In some embodiments of the present invention, as shown in fig. 2 and 3, the air intake turbulent flow ring 300 includes a flow collecting section 310, a flow disturbing section 320, and a flow expanding section 330, which are connected in sequence, wherein a flow collecting cavity 311 is formed between the flow collecting section 310 and the exhaust inner tube 200, a flow disturbing cavity 321 is formed between the flow disturbing section 320 and the exhaust inner tube 200, a flow expanding cavity 331 is formed between the flow expanding section 330 and the exhaust inner tube 200, and the flow collecting cavity 311, the flow disturbing cavity 321, and the flow expanding cavity 331 are connected in sequence; along the airflow advancing direction of the air inlet channel 110, the width of the flow collecting cavity 311 is gradually narrowed, and the width of the flow expanding cavity 331 is gradually enlarged; the inner wall of the flow disturbing cavity 321 is smoothly connected with the inner wall of the flow collecting cavity 311 and the inner wall of the flow expanding cavity 331 respectively. The side wall of the flow gathering cavity 311 is gradually narrowed along the flowing direction of the air flow, and the air flow can gather into the turbulent flow cavity 321 when passing through the flow gathering cavity 311, so that the air flow is disturbed in the radial direction, the air flow is forced to be compressed in the direction close to the exhaust inner pipe 200, and the heat exchange effect is improved; along the circulation direction of air current, expand class chamber 331 and be the form that enlarges gradually, the air current that flows out from vortex chamber 321 spreads along the chamber wall of expanding class chamber 331, has further slowed down the axial velocity of flow, improves the heat transfer effect.

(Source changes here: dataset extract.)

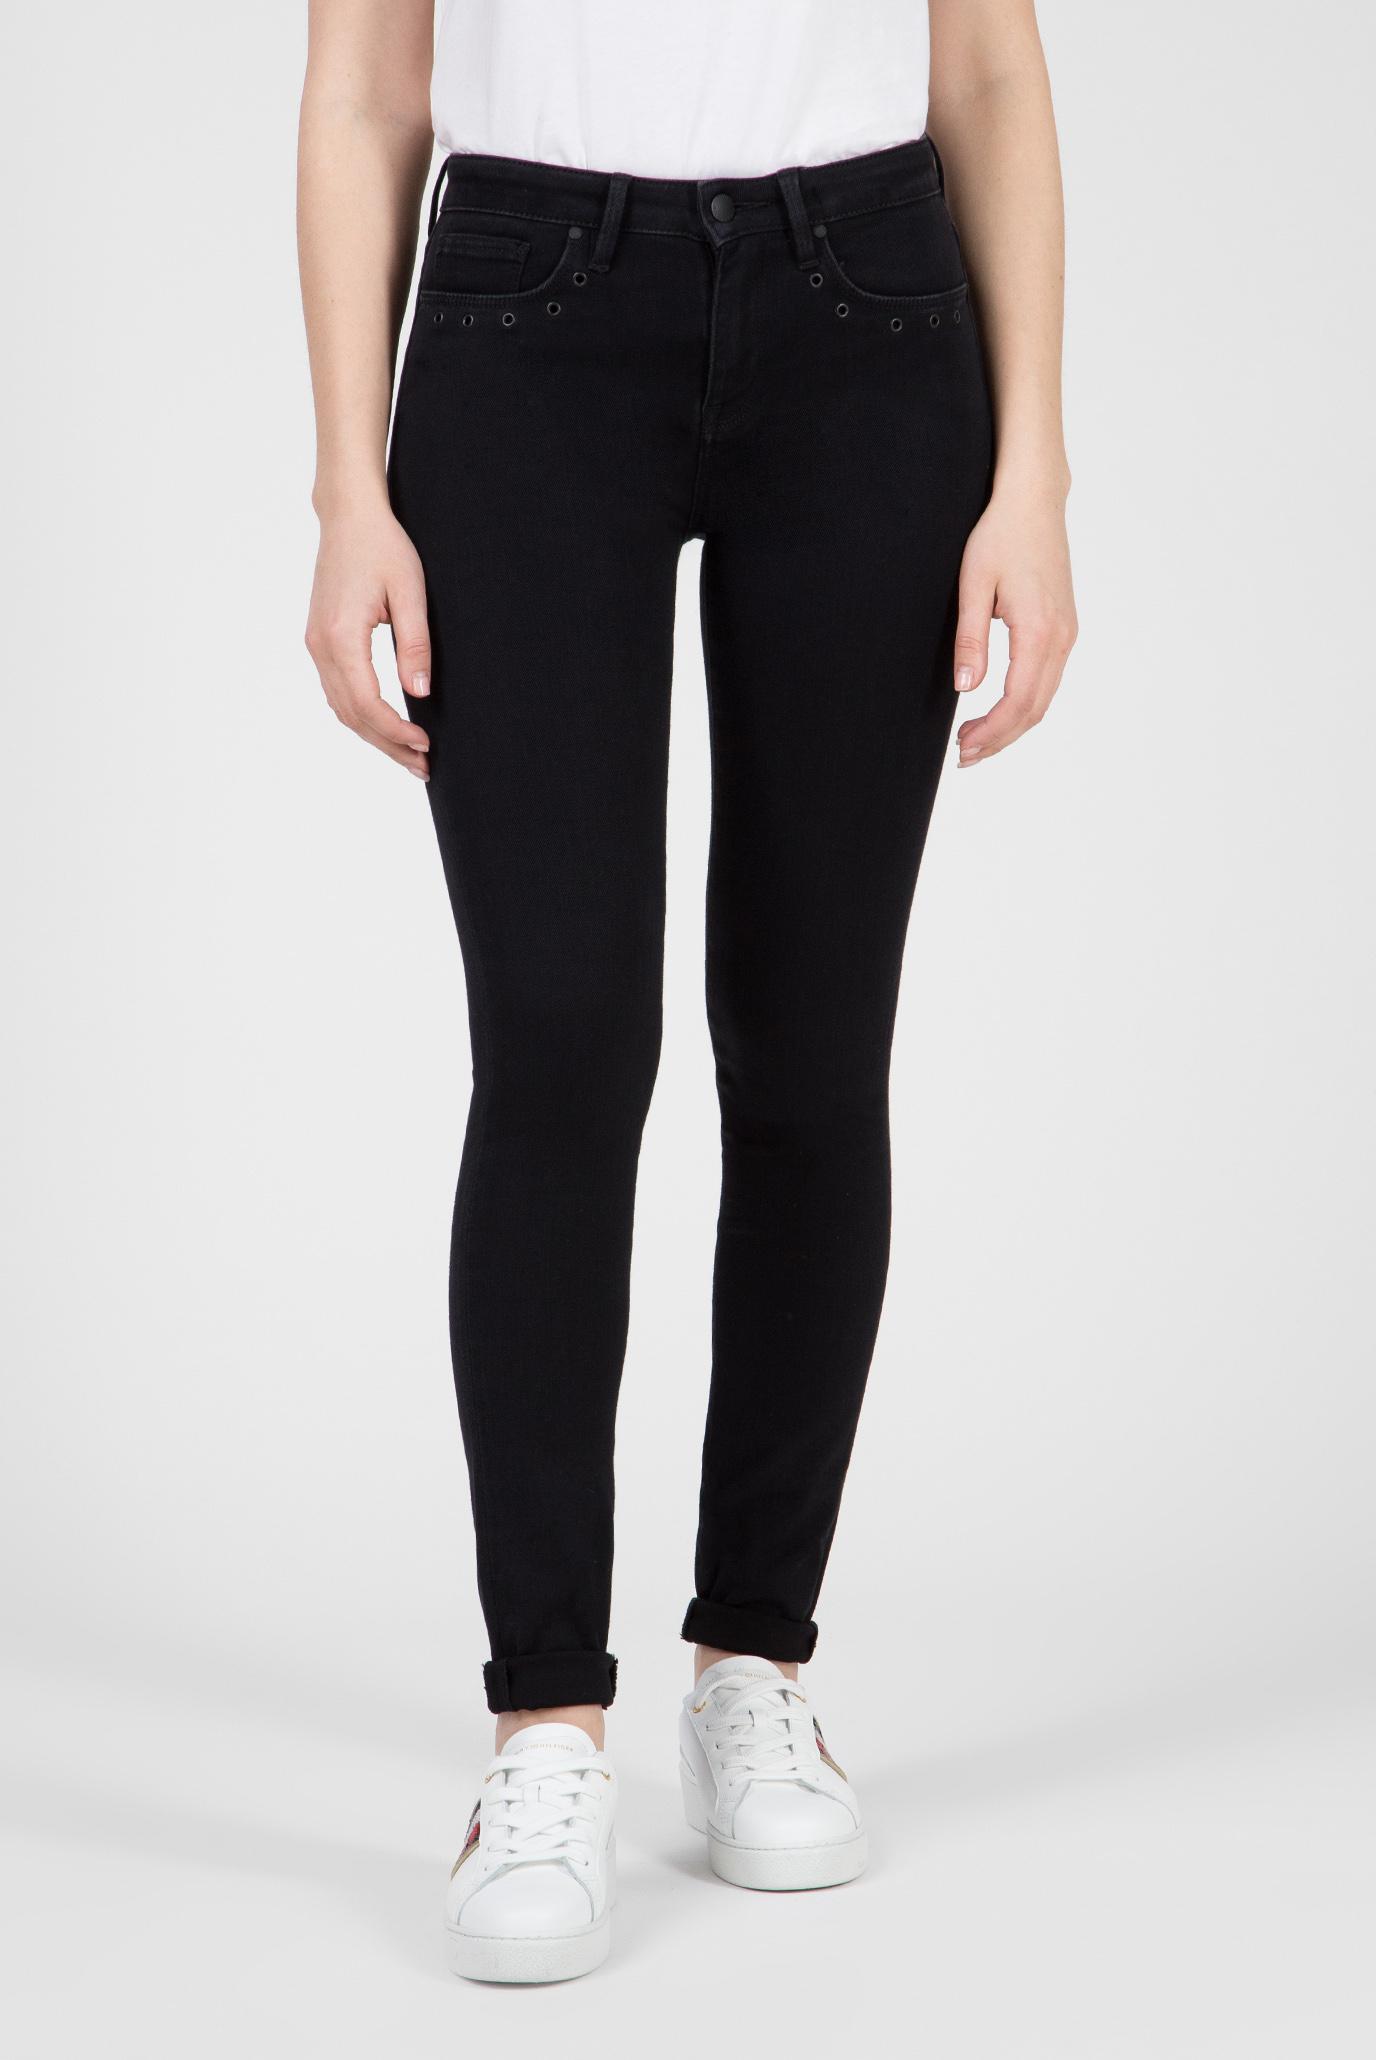 Купить Женские черные джинсы COMO RW PEGASUS Tommy Hilfiger Tommy Hilfiger WW0WW23843 – Киев, Украина. Цены в интернет магазине MD Fashion

The utility model discloses an in some embodiments, the outer wall of vortex section 320 has ring channel 340, through setting up ring channel 340 for vortex section 320's transversal V font of personally submitting can alleviate the whole weight of the vortex ring 300 that admits air on the one hand, and on the other hand can reduce the area of contact of the vortex ring 300 lateral wall that admits air and inlet channel 110 lateral wall, prevents that the frictional force between vortex ring 300 and the inlet channel 110 lateral wall is too big and increase the assembly degree of difficulty.

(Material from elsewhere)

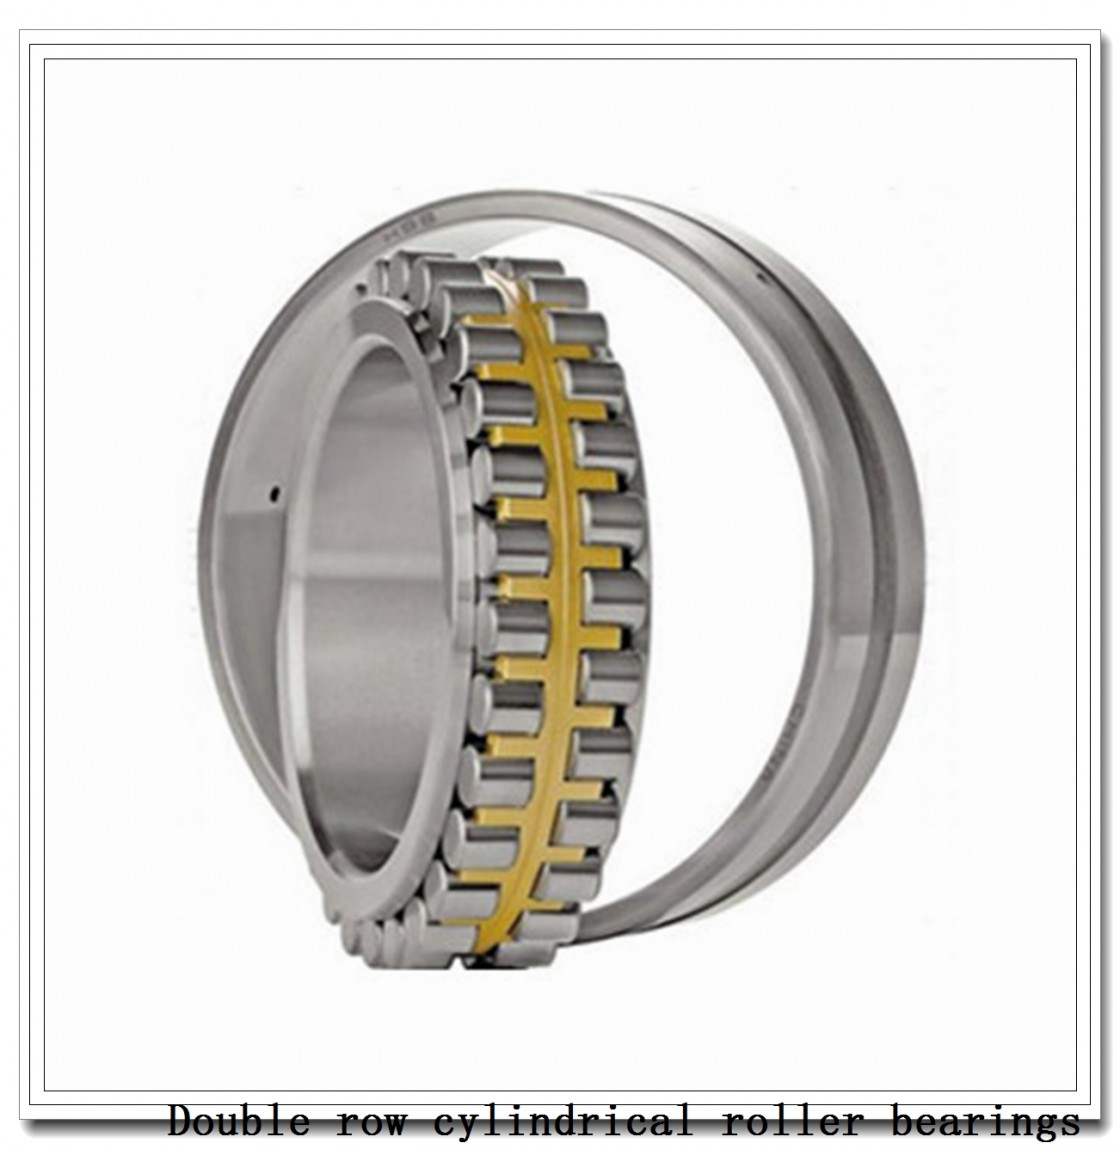 NN3176 Double row cylindrical roller bearings

The utility model discloses an in some embodiments, the vortex ring 300 that admits air is equipped with five, and certain interval evenly distributed is followed along the length direction of exhaust inner tube 200 to five vortex rings 300 that admit air, further improves the vortex effect to the air current that admits air, improves the heat transfer quality of air and flue gas. Of course, the specific number of the intake spoiler rings 300 may also be two, three, four or more than five, and may be set according to actual requirements, which is not limited herein.

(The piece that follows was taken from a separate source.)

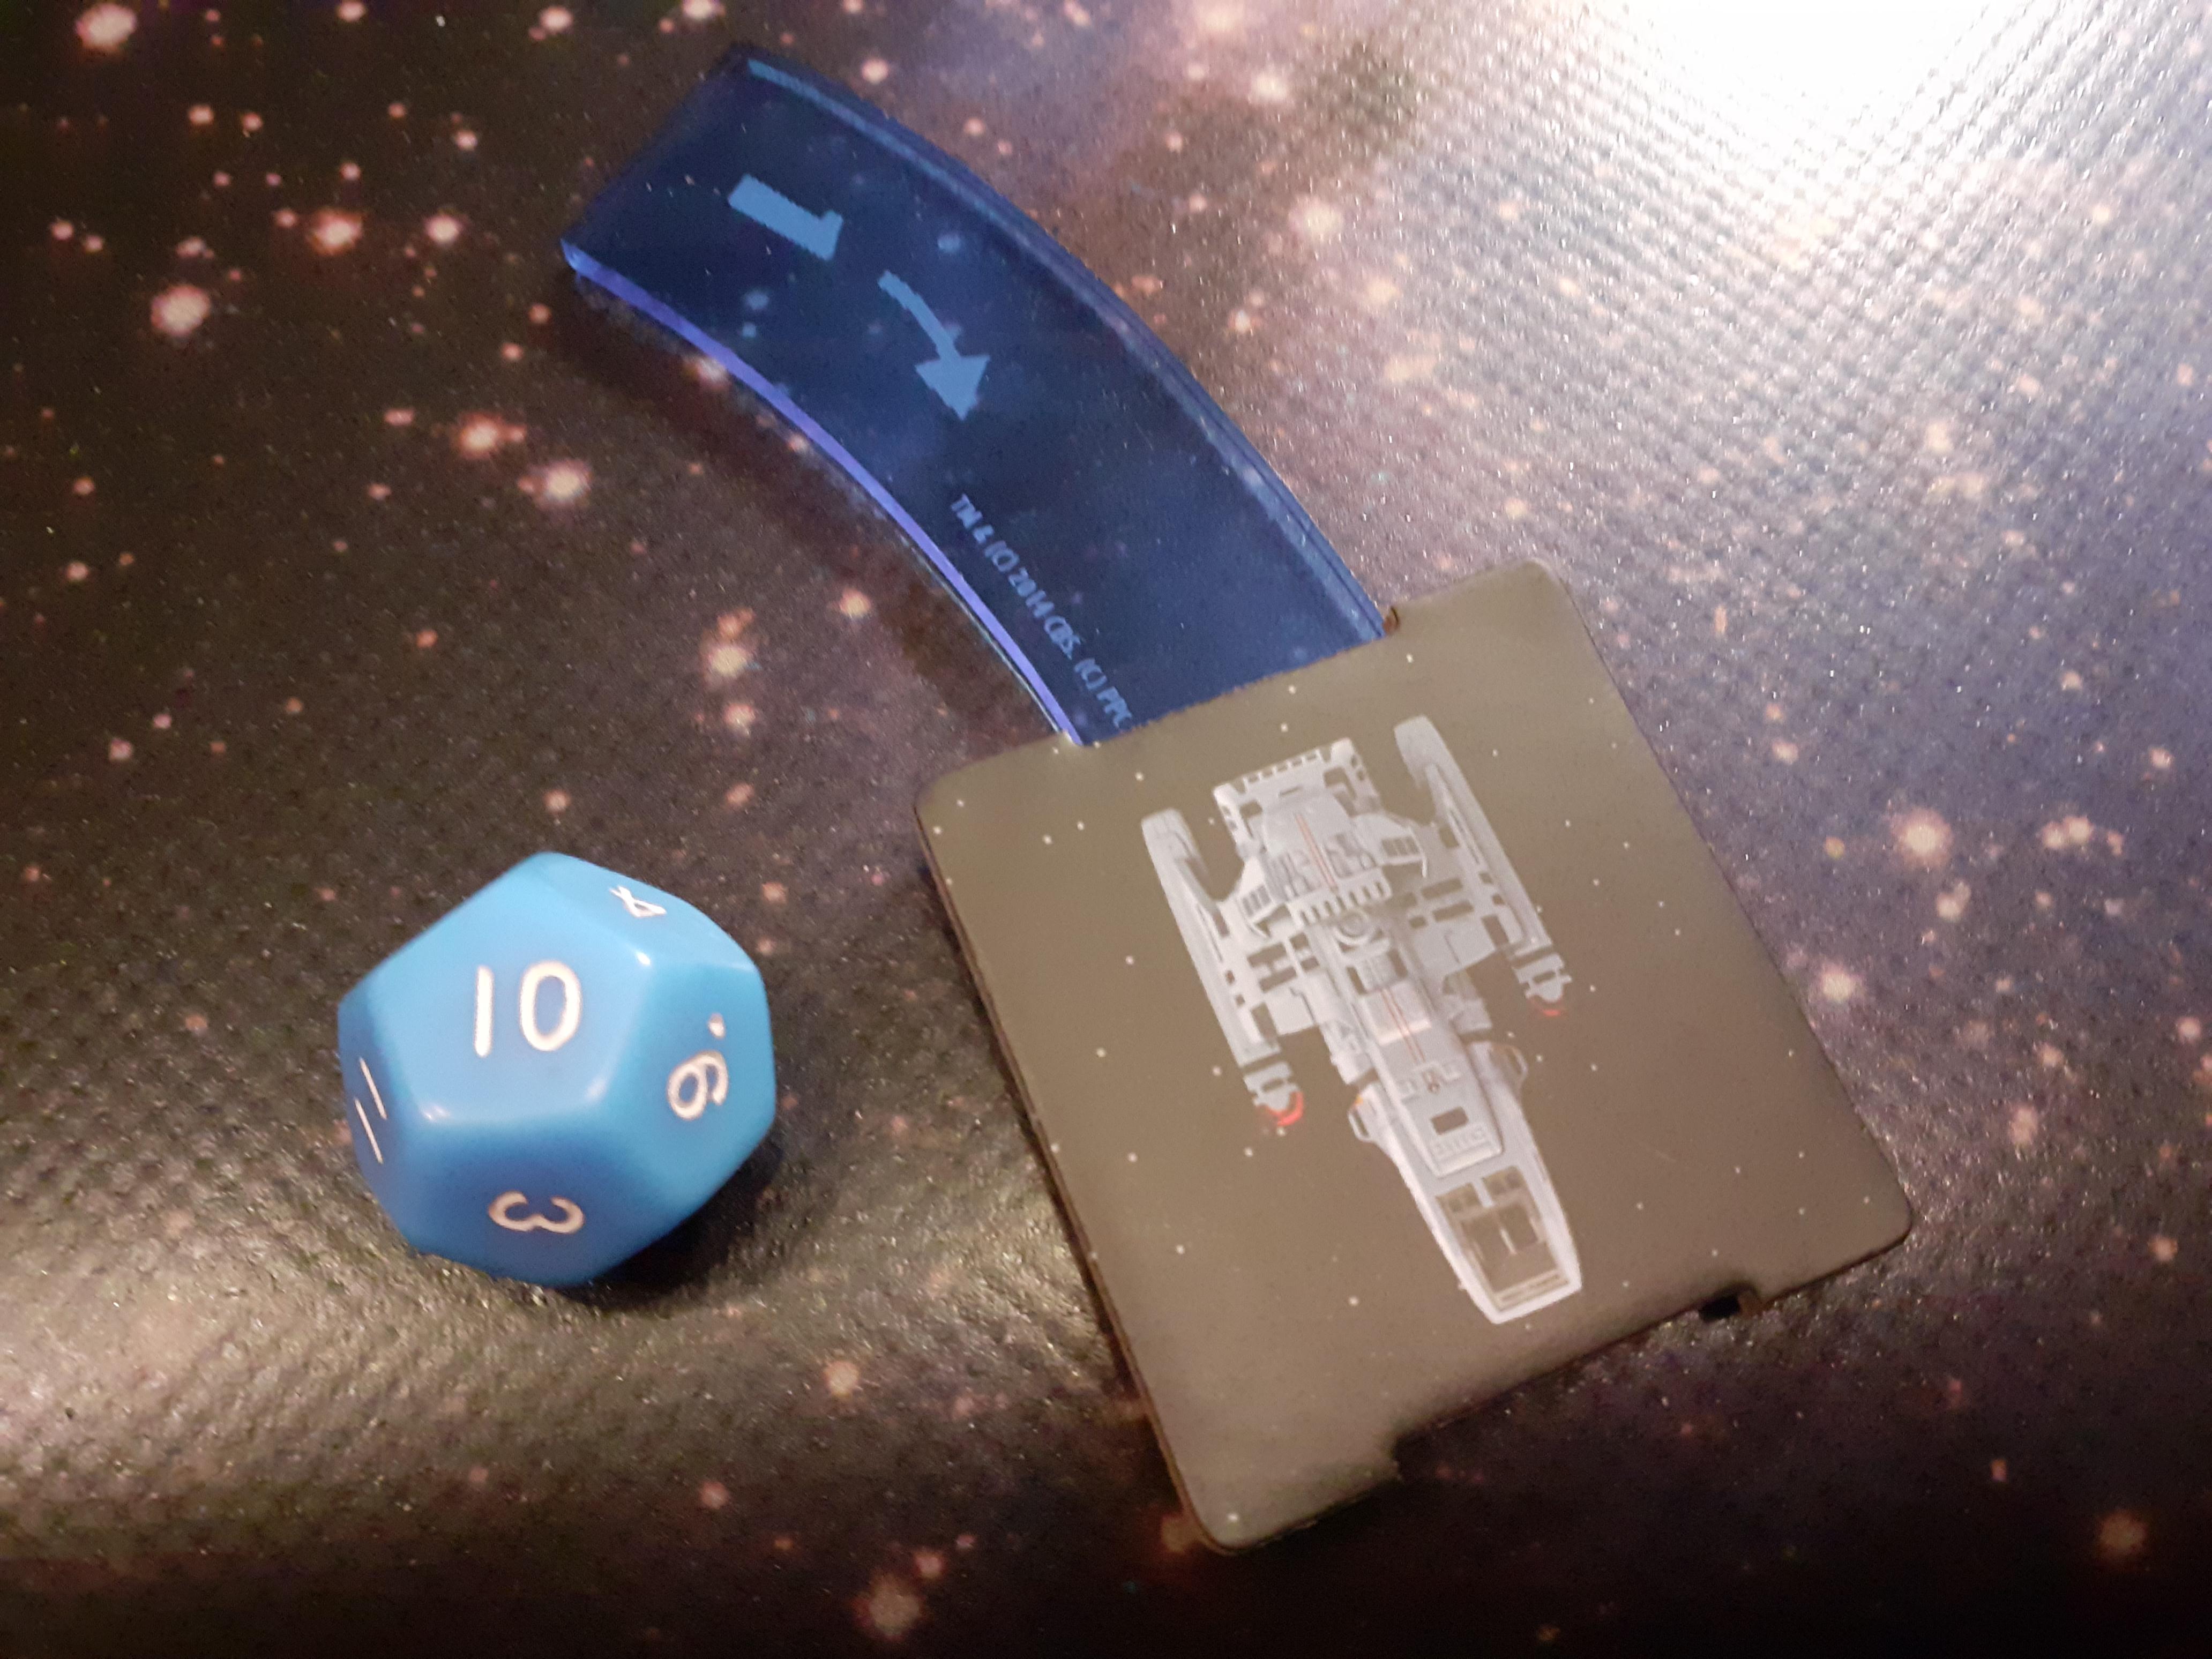 [Star Trek Alliance - Dominion War Campaign I] Computerlogbuch der Solo-Kampagne von Commander Cut  20210403_021509

The utility model discloses an in some embodiments, the both ends of admitting air turbulence ring 300 all have and connect turn-ups 350, connect the outer wall of turn-ups 350 and inlet channel 110's lateral wall cooperation, connect turn-ups 350 through the setting, and the area of contact of the both ends of moderate increase admitting air turbulence ring 300 and inlet channel 110 lateral wall improves the installation steadiness of admitting air turbulence ring 300.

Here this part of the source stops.